2/07 2nd Amdt. Aided Civil Rights Movement

Second Amendment Freedoms Aided The Civil Rights Movement
By Ken Blackwell

Prominent and indispensable among our rights is the “right of the people to keep and bear arms.” Second Amendment rights, never to be infringed, were posited by our nation’s founders as among the most essential tenets of the free and just republic they sought to establish.

The empowering freedom of law-abiding citizens to keep and bear arms is particularly timely during Black History Month, for its role in the victory of civil rights for all is sorely overlooked.

As the nation reflects on the struggles and achievements of our African-American citizens, we must celebrate the actions of heroic civil rights activists known as the Deacons for Defense. In the fight for equality, these brave men utilized their right to bear arms to protect their families, possessions and liberties.

Unfortunately, these freedom fighters are seldom mentioned as an important part of African-American history.

Even prominent civil rights movement chronicler Taylor Branch gives the Deacons only passing mention in his three-volume work on the movement during the Rev. Martin Luther King, Jr. years.

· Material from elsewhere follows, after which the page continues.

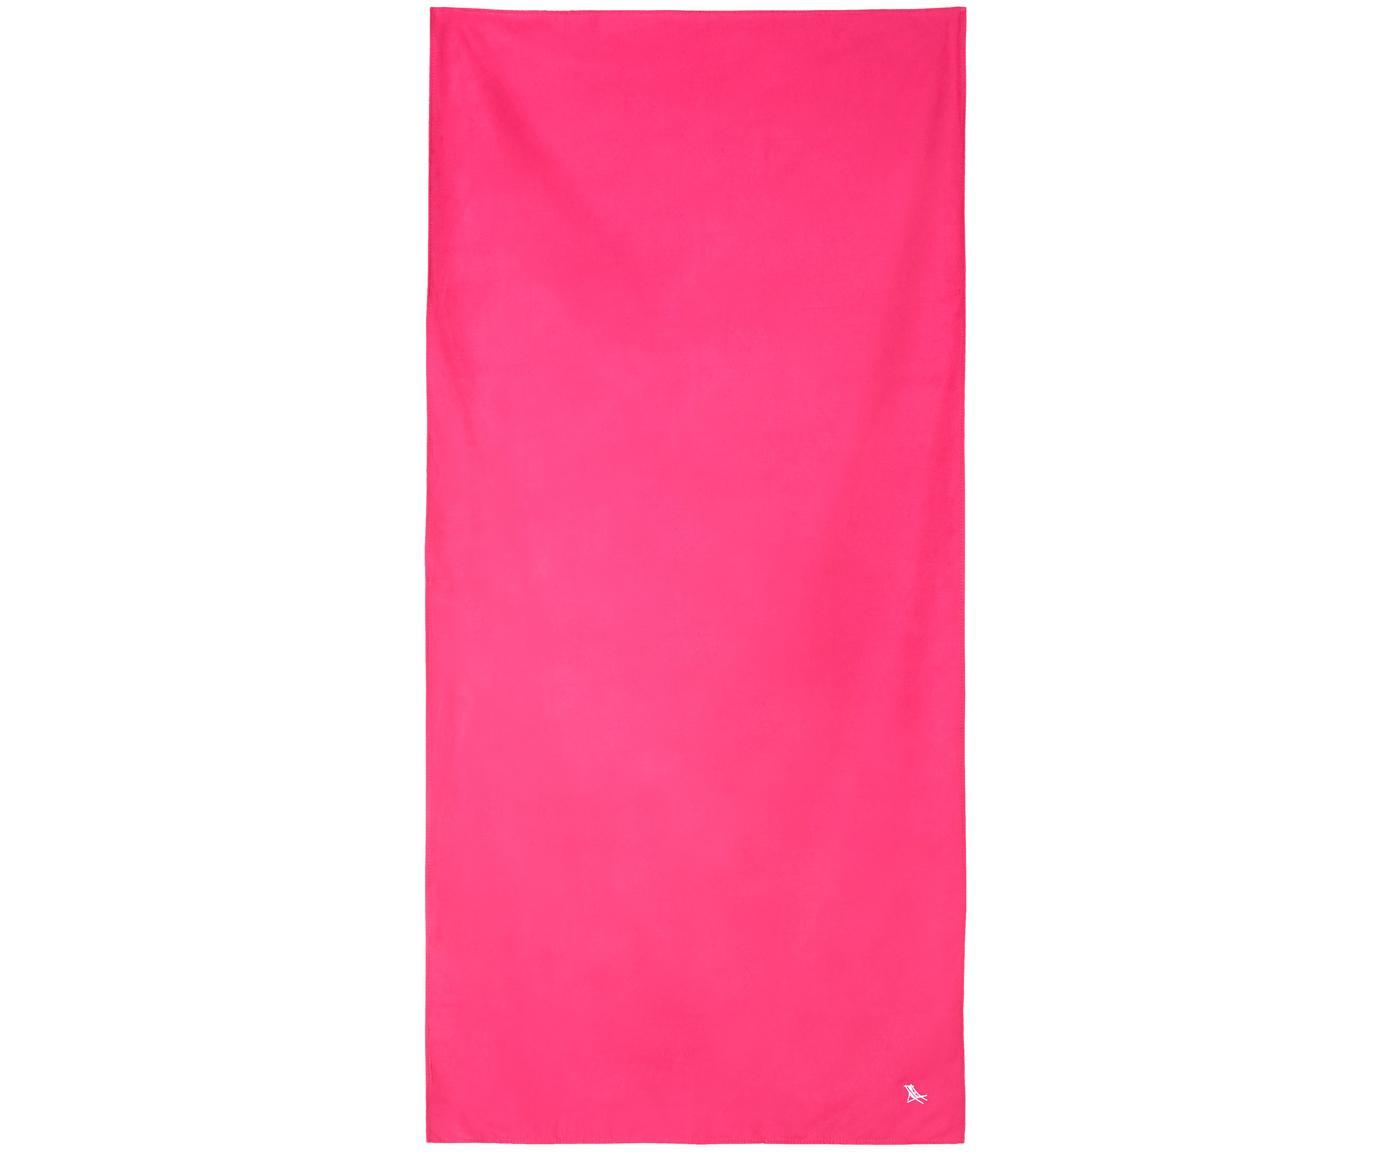 Telo mare in microfibra Classic, ad asciugatura rapida, Microfibra (80% poliestere, 20% poliammide), Rosa, Larg. 90 x Lung. 200 cm

In his 2004 book, The Deacons for Defense: Armed Resistance and the Civil Rights Movement, Tulane University history professor Lance Hill tells their story. Hill writes of how a group of southern working class black men advanced civil rights through direct action to protect members of local communities against harassment at schools and polling places, and to thwart the terror inflicted by the Ku Klux Klan. He argues that without the Deacon’s activities the civil rights movement may have come to a crashing halt.

The spring and summer of 1964 were landmark periods for civil rights. In growing numbers, Southerners marched against segregation. The battle over race lit Louisiana aflame. In response to civil rights activism, the Klan wreaked havoc on black neighborhoods, but soon found itself face-to-face with the Deacons.

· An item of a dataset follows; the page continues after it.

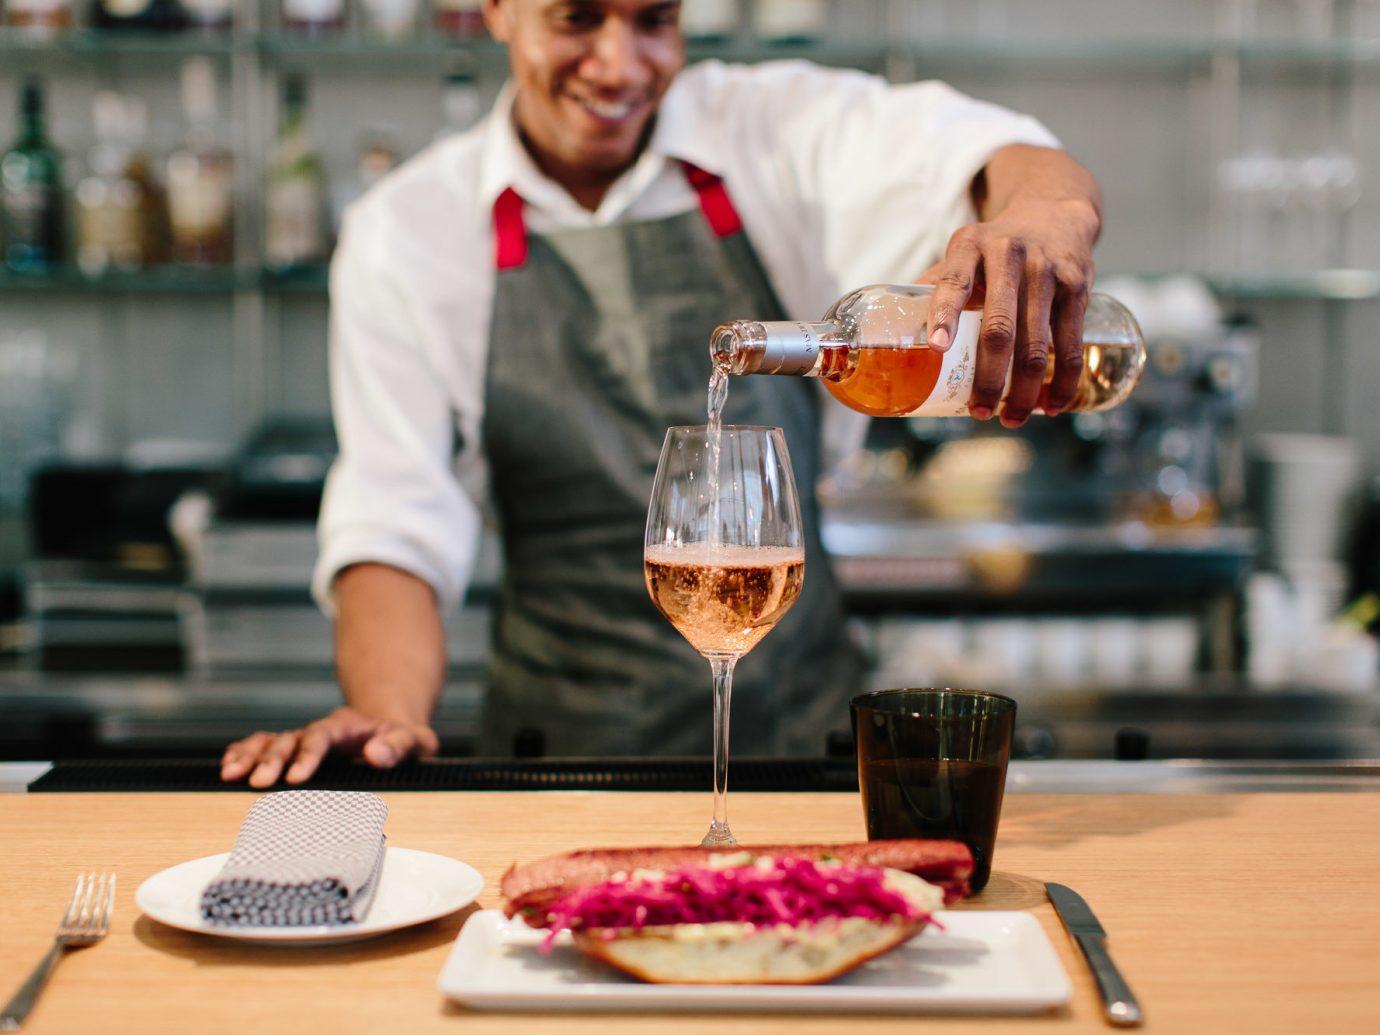 Food + Drink person meal professional cook Drink restaurant food brunch sense taste

Following a KKK night ride in Jonesboro, the Deacons approached the police chief who had led the parade and informed him that they were armed and unafraid of self-defense. The Klan never rode through Jonesboro again. Local cross burnings ceased when warning shots were fired as a Klansmen’s torch met a cross planted in front of a black minister’s home. The initial desegregation of Jonesboro High School was threatened by firemen who aimed hoses at black students attempting to enter the building. When four Deacons arrived and loaded their shotguns, the firemen left and the students entered unscathed. It was this series of efforts by the Deacons that caused the Klan to leave Jonesboro for good.

Similar work in Bogalusa, Louisiana drove the KKK out of that town as well, and led to a turning point in the civil rights movement. Acting as private citizens in lawful employment of their constitutional rights, the Deacons demonstrated the real social impact of the freedoms our nation’s founders held dear.

As legendary civil rights leader Roy Innis recently said to me, the Deacons forced the Klan to re-evaluate their actions and often change their undergarments.

Their actions in the mid 1960s had perhaps more impact on the progress of civil rights than did President Eisenhower’s 1957 dispatching of troops to Central High School in Little Rock, Arkansas.

That gun rights have played such a pivotal role in racial equality makes the historical correlation between gun control and discriminatory policies unsurprising. From their beginnings, gun control measures have worked to create legal disparities, granting unequal rights to members of various socioeconomic groups.

In fact, restrictive gun laws have long been employed to the benefit of a select elite while circumscribing the liberty of populations less popular or less powerful.

Gun control measures, from the slave gun bans of the 1700s South to the Brady Bill regulations of the 1990s have unfairly targeted black Americans and have worked to curtail a disproportionate number of their constitutional rights. Access to firearms was understood by our founders and many early American jurists as an essential aspect of full US citizenship, and it was for this reason that the Black Codes established after the ratification of the Thirteenth Amendment — which constitutionally abolished slavery — prevented black freemen from owning guns.

In prohibiting blacks from exercising the freedoms granted other Americans in the Second Amendment, the Black Codes emphasized the notion that African-Americans were not true citizens with full human rights. This point was raised by the Majority in Dred Scott v. Sanford in defense of the institution of slavery. By the 1870’s, preventing Blacks from having access to guns had become one of the primary goals of the Ku Klux Klan.

As Gun Owners of America President Larry Pratt shared with me this summer and wrote in 2004 regarding the Deacons, the history of gun control appears to have been one of controlling people rather than reducing violence.

Examining both our nation’s constitution and the history of gun rights in America, the right to keep and bear arms has been at the forefront of our nation’s march to liberty and equality. The Second Amendment, which empowers Americans to embrace all of the freedoms and responsibilities their citizenship entails, has been the catalyst of tremendous social progress. While some may dismiss the centrality of gun ownership to “progressive” ideals, groups such as the Deacons for Defense have shown us that a citizenry understanding of their rights to bear arms is one likely to understand and defend our basic civil rights and the principles of equality and freedom.

Ken Blackwell is the former Secretary of State of Ohio.